How we think about refugees is a fiction

From refugee camp to Princeton University, a story of incredible grit and luck. Episode 26 with Ty McCormick.

Isabelle Roughol
Isabelle Roughol

Asad Husein was born in Dadaab, once the world’s largest refugee camp, in eastern Kenya. Today he’s a student at Princeton University. His story is a miracle of grit and luck. It didn’t have to be that hard.

Asad’s family fled civil war in Somalia in 1991-92. I was 7 then and the government made every child in France bring a kilo of rice to school for Somali refugees. I remember pouring mine into the large sack and, ever the skeptical kid, wondering how they were going to manage all the different cooking times. I’m 37 today. The rice wasn’t much help and those refugees are still there.

Dadaab and its sister camp Kakuma in northwestern Kenya, which hosts mainly South Sudanese refugees, are a home of sorts to some 400,000 people. They were supposed to be a temporary refuge; “that fiction has collapsed,” says American journalist Ty McCormick, my guest this week. There are now third-generation refugees born in the camps to parents who’ve known no other place on Earth. The Kenyan government gave the UN an ultimatum that ends today to close both camps. But there is no plan, no country to open its doors, and the risk is hundreds of thousands being pushed back into still unstable Somalia and South Sudan.
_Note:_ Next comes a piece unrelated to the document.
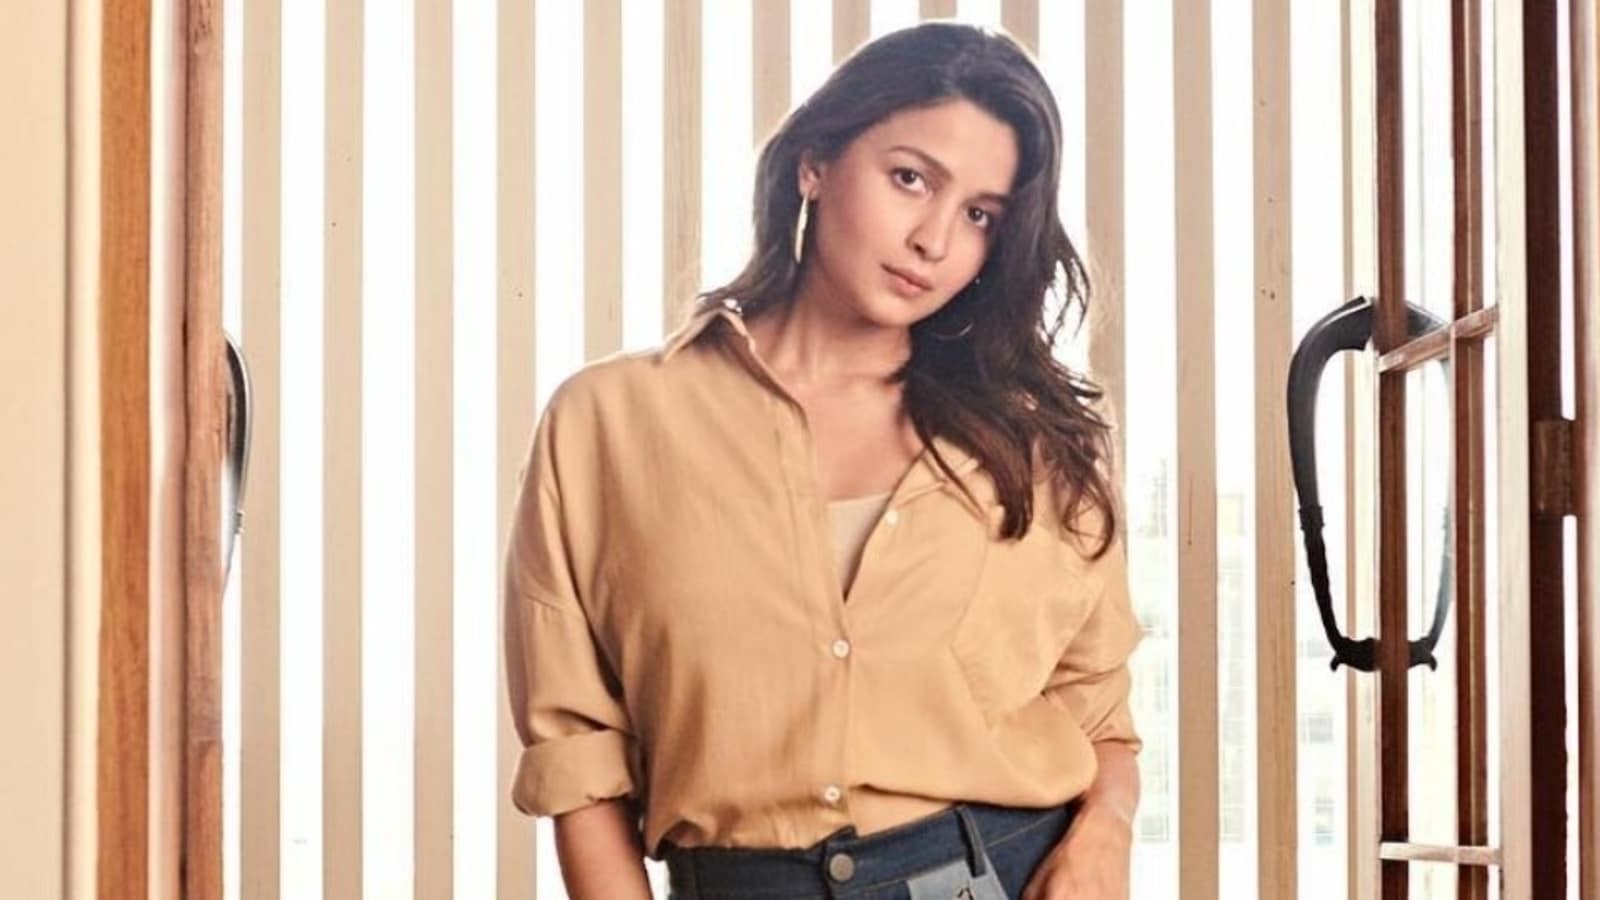 Pregnant Alia Bhatt nails cool maternity look in shirt and elevated jeans with Ranbir Kapoor for Brahmastra IIT event

That’s because of two other fictions: first, that legitimate refugees will find their way to new homes through resettlement. That golden legal route – the only one the UK government finds acceptable under its new plan to upend the asylum system – is in fact a massive traffic jam, rife with bureaucracy and opportunities for corruption.

The final fiction is that of the good immigrant. Young-man-done-good stories like Asad’s can hide that for every one we gain, we’ve lost many more along the way. Just as talented people lost to suicide, to dangerous journeys across seas and deserts, to extremism or to a simple void of opportunity. And why should talent be the measure of a life’s worth anyway?

Ty McCormick does not fall into that trap. Asad, his sister Marian and their family’s story, told in “Beyond the Sand and Sea”, is as inspiring as it is infuriating. It illustrates the maze of refugee resettlement, the resilience and power of humans and the absurdity of requiring it. I talked to him about it all this week.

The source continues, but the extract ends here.